Il mio interesse era questo. Ne vuoi un altro? Andare con Annamaria in edicola, comprare le figurine dei Cucciolotti, tornare a casa e attaccarle con lei sull’album, questo era il mio interesse. Non sai le risate che ci siamo fatte. E ho pure imparato un sacco di animali. Ti ha mai chiesto di sfogliare insieme l’album? No, stronzo, non l’ha mai fatto invece con me lo faceva.
Fatti un’amica, mi consigliavi. Non ho mai avuto amiche. Com’è che mi dicevi? Esci con la Cacciavillani, non so, andate a fare compere, andate al cinema, è simpatica, conosce un sacco di gente. La Cacciavillani non è mia amica, non so niente della Cacciavillani e non mi piace neanche come parla. Sbiascica le parole, te ne sei mai accorto? Tu sei bravo a farti le amiche, eh? Con te è meglio pensare male perché solo pensando male si pensa bene. Non dirmi che non guardavi la moglie di Arcadio, ti ho visto che trattenevi la bava quando accavallava le gambe e le guardavi la gonna. La gonna, sì certo, diciamo che preferivi quello che c’era sotto la gonna, siamo più precisi, eh? Ci ho fatto caso tante volte, ma da stupida ho sempre lasciato perdere perché tanto poi a casa di gambe prendevi le mie. Stupida.
Perché se tu sei un porco io sono una stupida. La più stupida delle stupide se per questo. La più stupida delle mogli. Una moglie di polso attacca al muro il marito quando lo vede uscire con gente che gli chiede: «Allora, quante ne hai castigate questa settimana?». Su, dillo anche me dai, quante ne avevi castigate quella settimana, eh? Un amico dovevo farmi, altro che amica. Ma a te una stupida come me andava di gran lusso.
Mi stanno diventando brutti i piedi. Almeno quelli non si erano ancora deteriorati. Uh, guarda che pelle da vecchia. E sono anche gonfi mi sa. Il sinistro, fino a ieri era solo il destro. Le vene sulle caviglie, che bruttura. Che dita da schifo, una volta le unghie le controllavo. Ti piacevano i miei piedi quando mi venivi dietro, eh? Cosa non ti piaceva di me. Se ti chiedevo di ciucciarmi le dita dei piedi ti inginocchiavi e te le mettevi in bocca una per una. Fammi felice anche ora, crepa.

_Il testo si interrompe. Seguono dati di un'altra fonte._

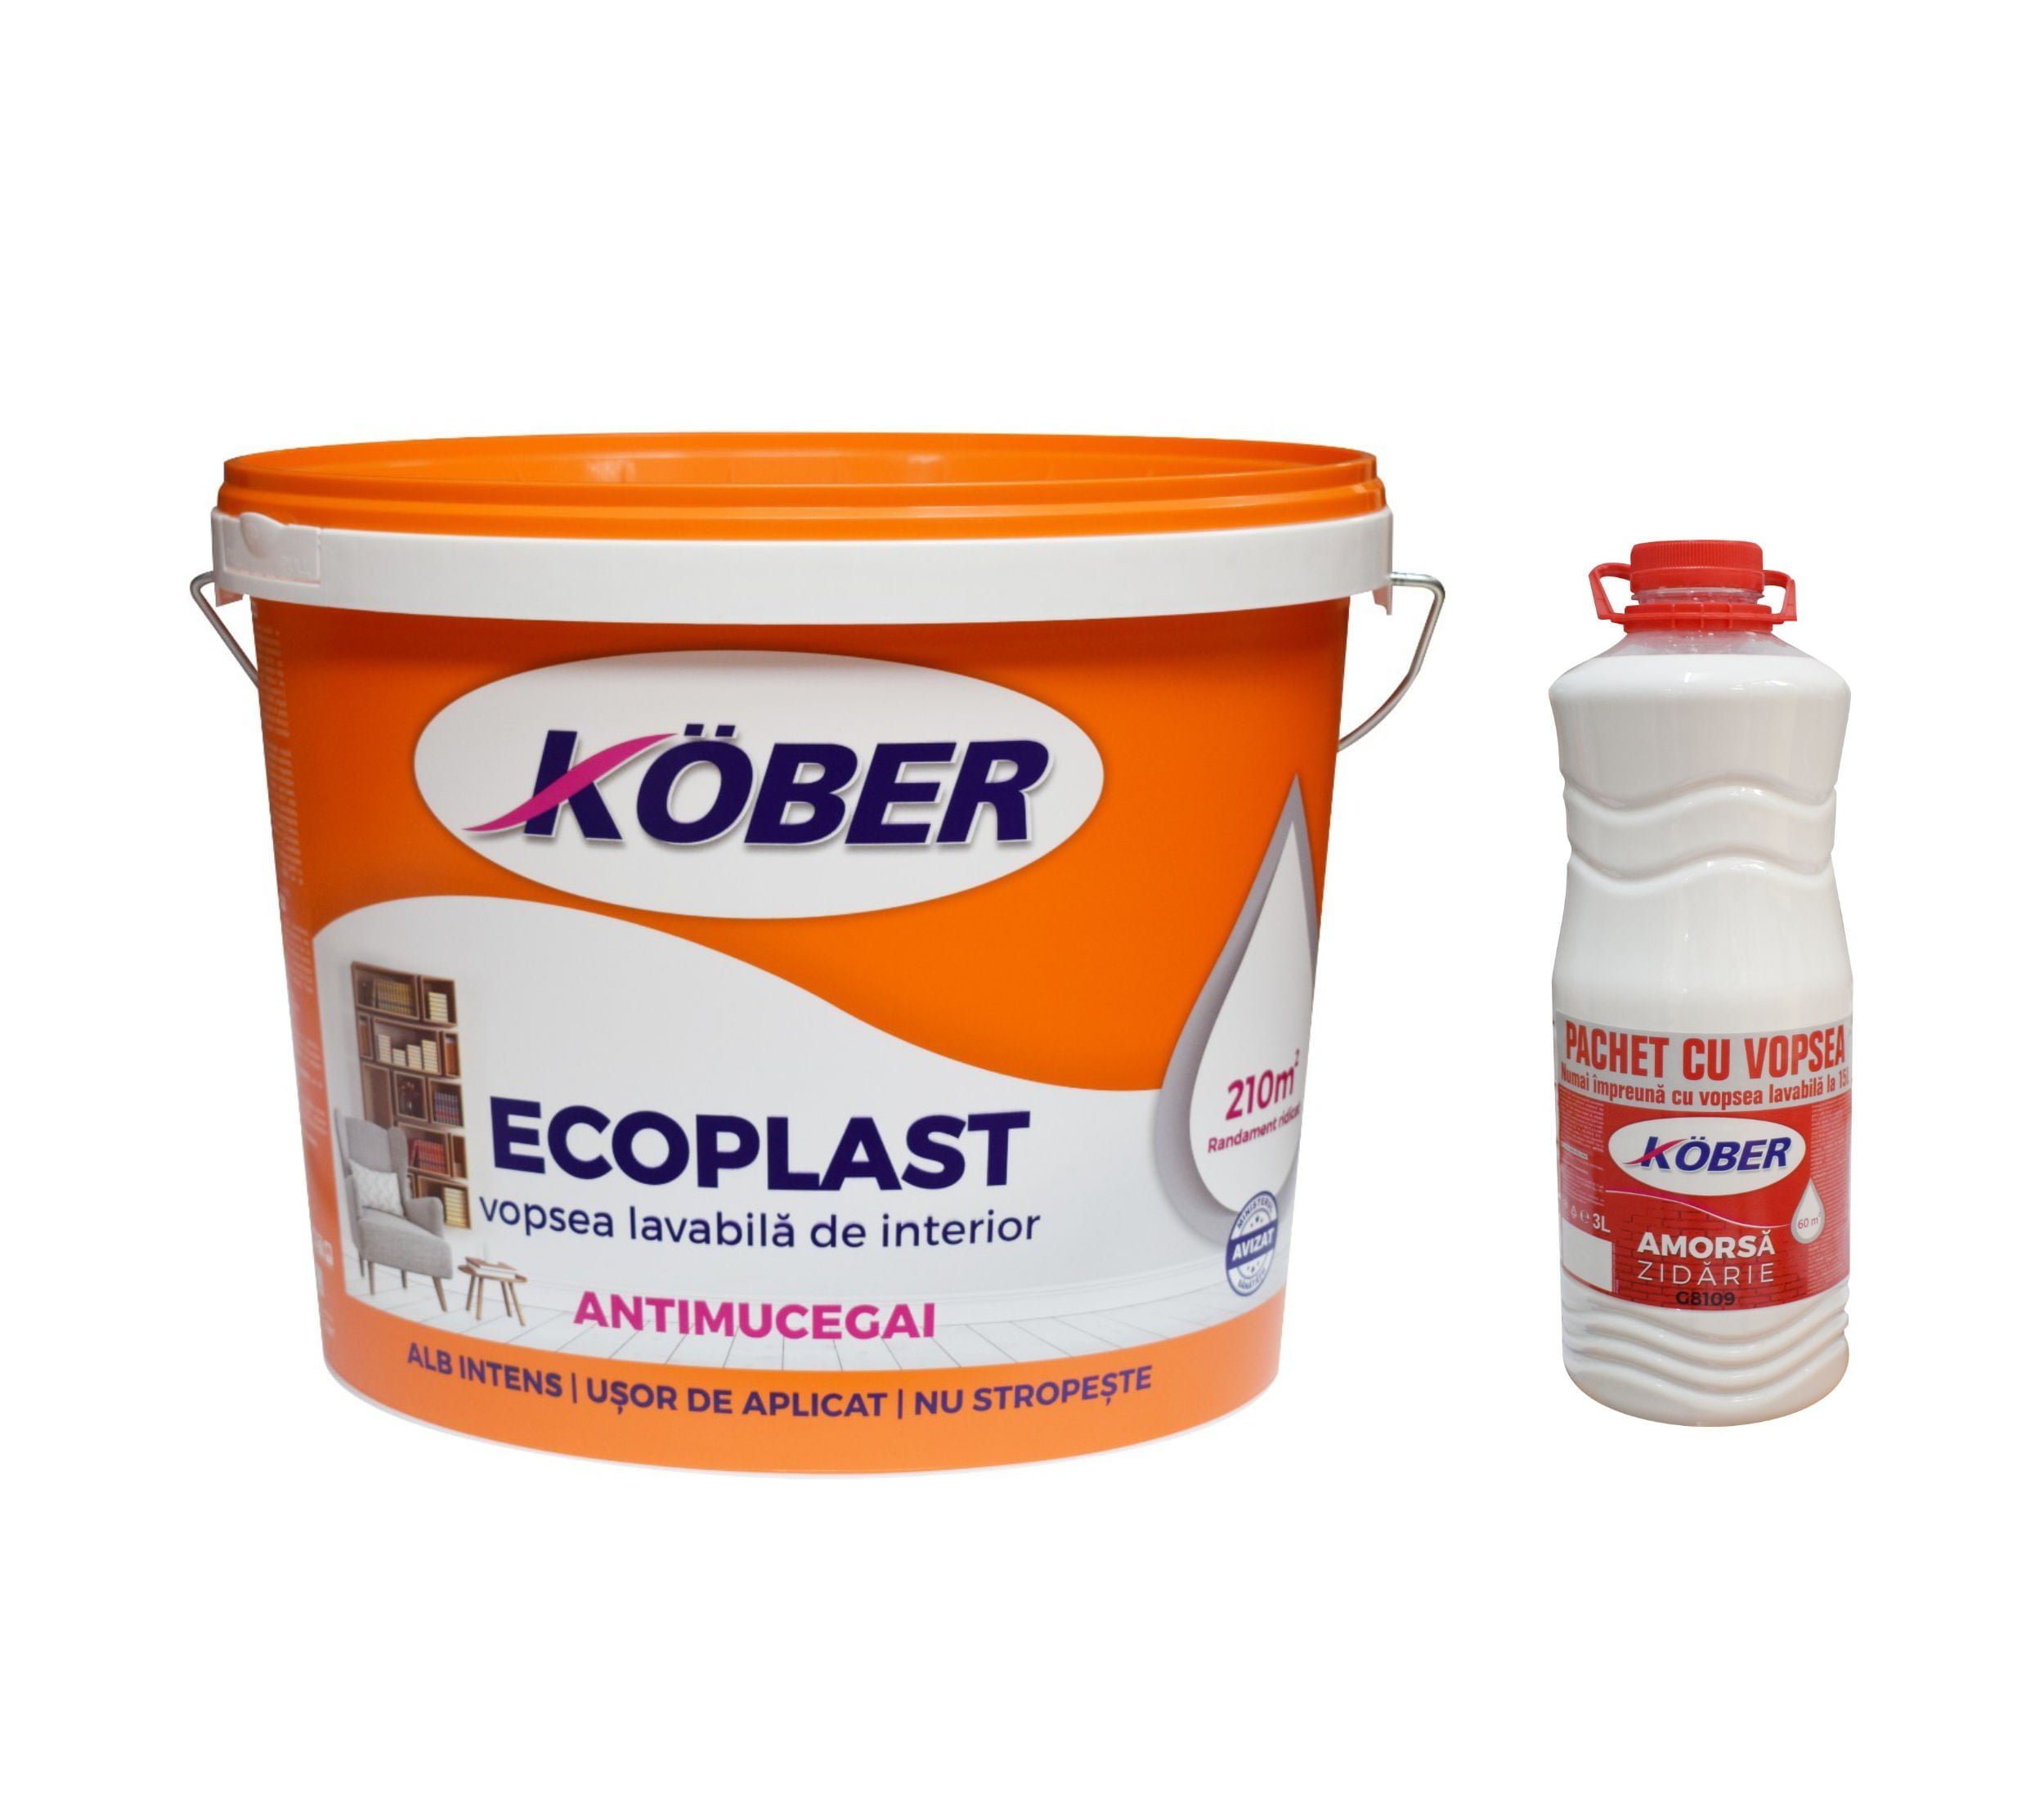 Vopsea lavabila interior, Ecoplast, antimucegai, alba, 15 L + Kober 3 L - Damira Constructii

Cazzo, deve essere una bella giornata fuori, che luce filtra dopo che tiro su la tapparella. Deve fare anche già un bel caldo fuori. Che ore sono? Oh madonna. Chissà se siamo ancora a giugno? Mi fanno male le ginocchia. In pomeriggio esco a comprarmi qualcosa. Ecco cosa devo fare. Devo trovare qualcuno che ti faccia sapere che non aspetto più una tua chiamata. Non mi fai più male, maiale, i tuoi silenzi non mi sfiorano, scendono da qua a qua e via giù, giù, giù, fin dentro al water. Vorrei solo esserci quando un Tir ti tirerà sotto.
Credi di avere tutto in man, pezzo di coglione, invece non sai neanche che la bidella me la fa vedere Annamaria e che io le parlo come e quando voglio. E so che lei non ti dice niente quando la vai a prendere perché altrimenti non continuerei a poterla vedere. L’ho anche abbracciata lunedì, se lo vuoi sapere. Quando sarà più grande non avrà più bisogno di te e allora partirà la mia vendetta, porco d’un maiale. La vai a prendere tu, vero? Un giorno lo devo scoprire. O mandi qualcuna delle tue dipendenti? O come diavolo le chiami. Com’è che le chiami, maiale d’un maiale? Ah ecco! Collaboratrici del tuo staff perché lo so che ti hanno dato uno staff, quello che mi dicevi io lo ascoltavo e mi restava in questa testa, chissà se tu ti ricordi che per andare al lavoro io dovevo prendere un bus e due linee della metropolitana. Perché io ho un fior di lavoro, ma a te non ne è mai fregato niente. Ero apprezzata per la mia precisione, mai un problema coi colleghi né coi capi. Non ho fatto carriera perché non c’è da far carriera, una segretaria resta segretaria. Quando ritorno vedrai se non mi rimetto in riga. Collaboratrici dello staff certo, non me lo deve dire nessuno che non lo tieni al suo posto neanche con loro.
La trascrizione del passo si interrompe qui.